* _EXERCISE REQUIREMENTS_: The lines from the one with "Atlanta Skyline from" through the last line of the material below, copied exactly and free of pictures, make up the whole answer.

* _DATA SEGMENT_:
+-------+
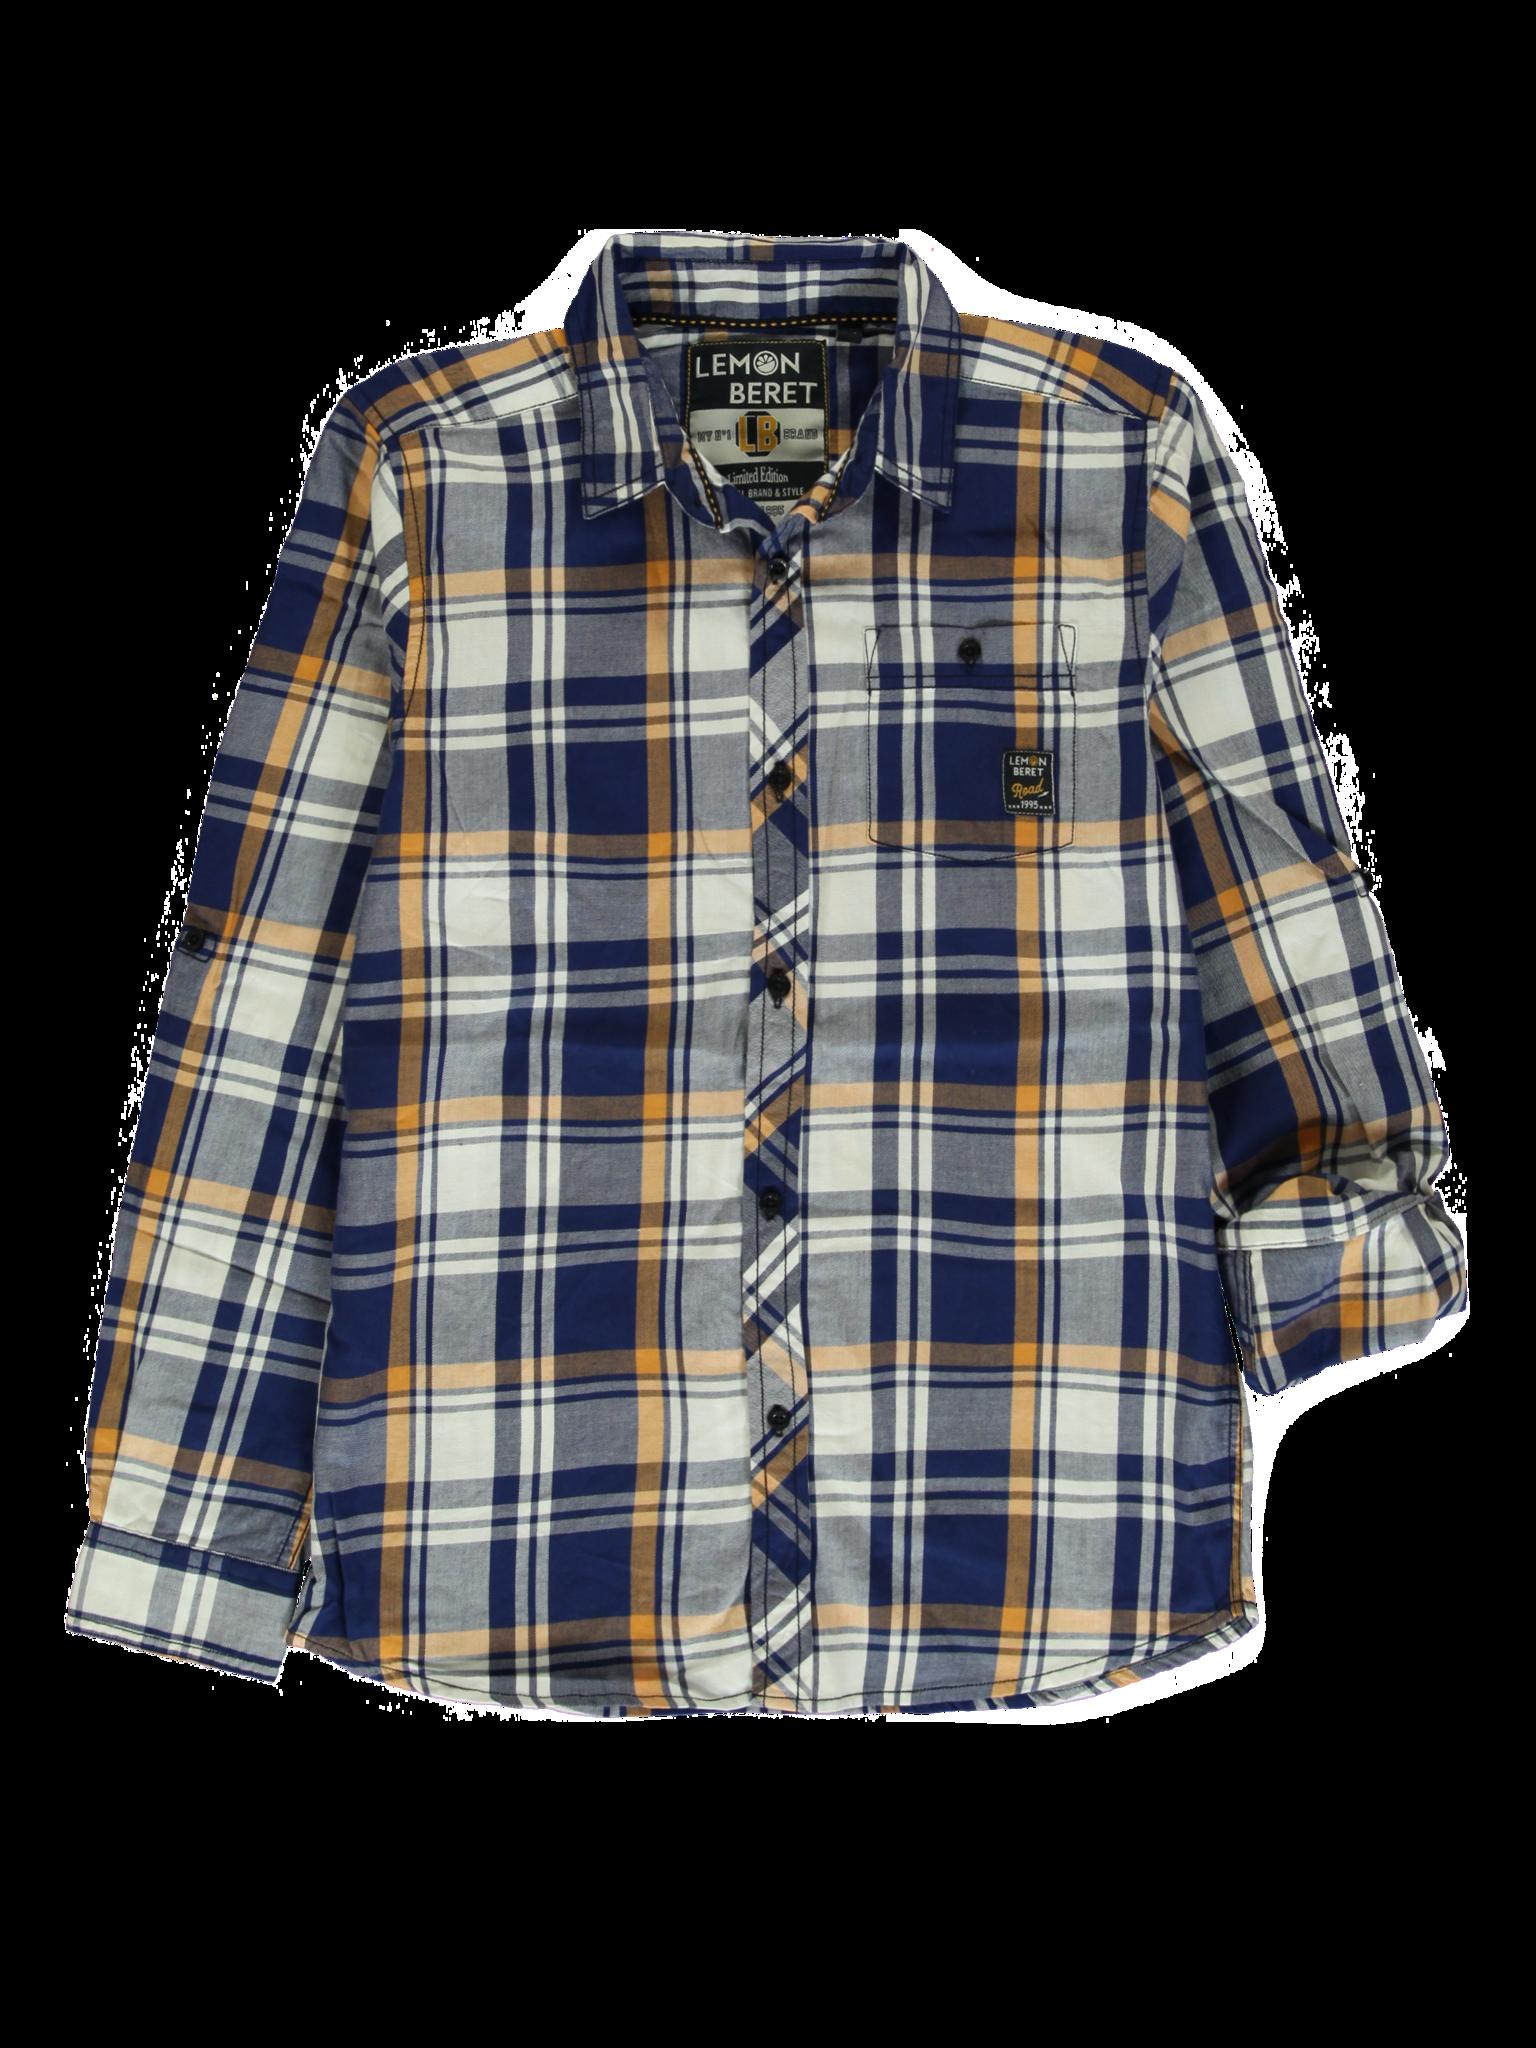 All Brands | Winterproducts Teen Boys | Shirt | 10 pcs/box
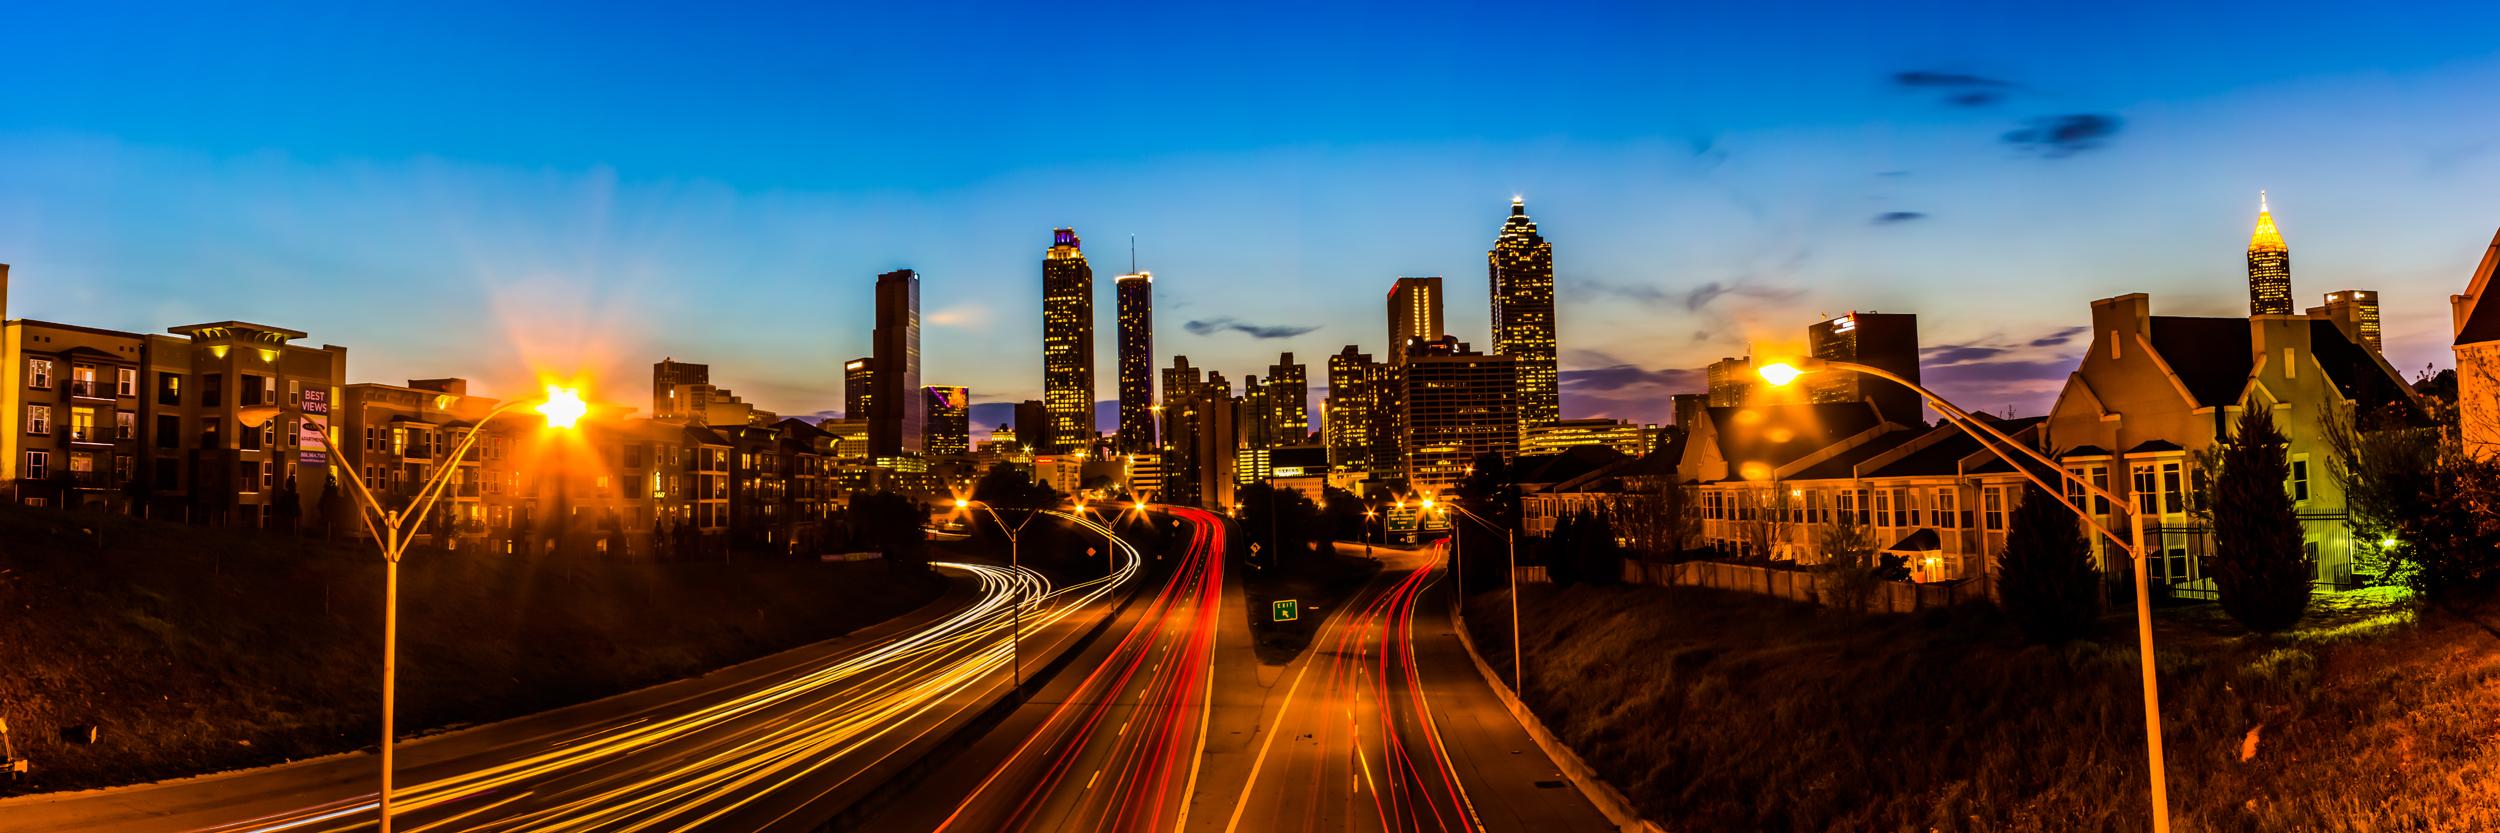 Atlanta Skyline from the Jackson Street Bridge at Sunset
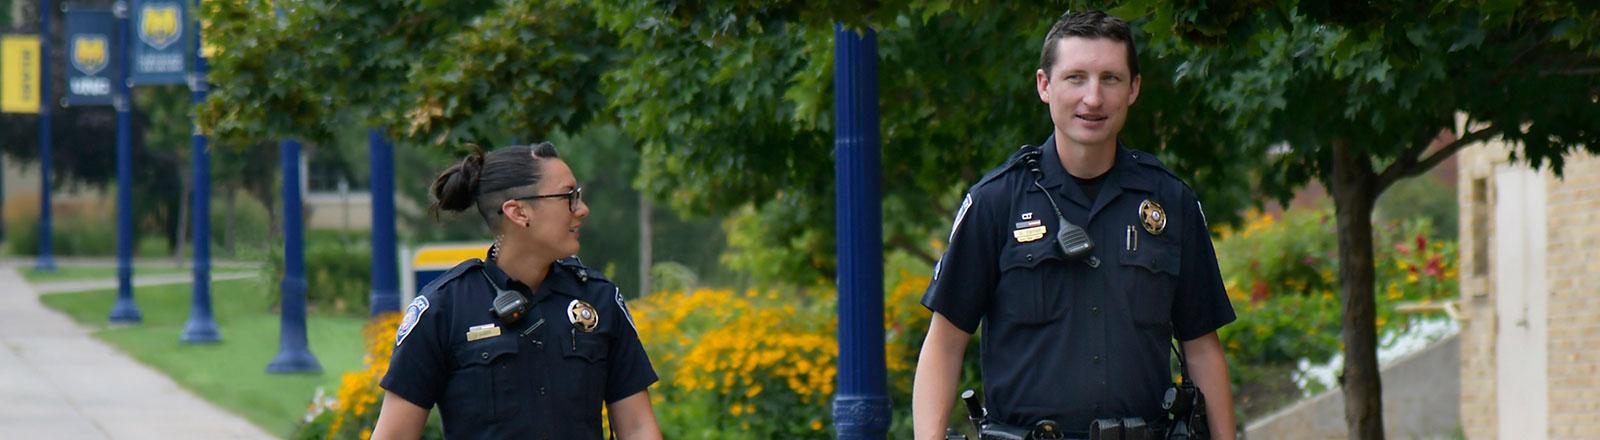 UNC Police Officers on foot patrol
+-------+
* _SOLUTION FOR THIS TASK_:
 Atlanta Skyline from the Jackson Street Bridge at Sunset
 UNC Police Officers on foot patrol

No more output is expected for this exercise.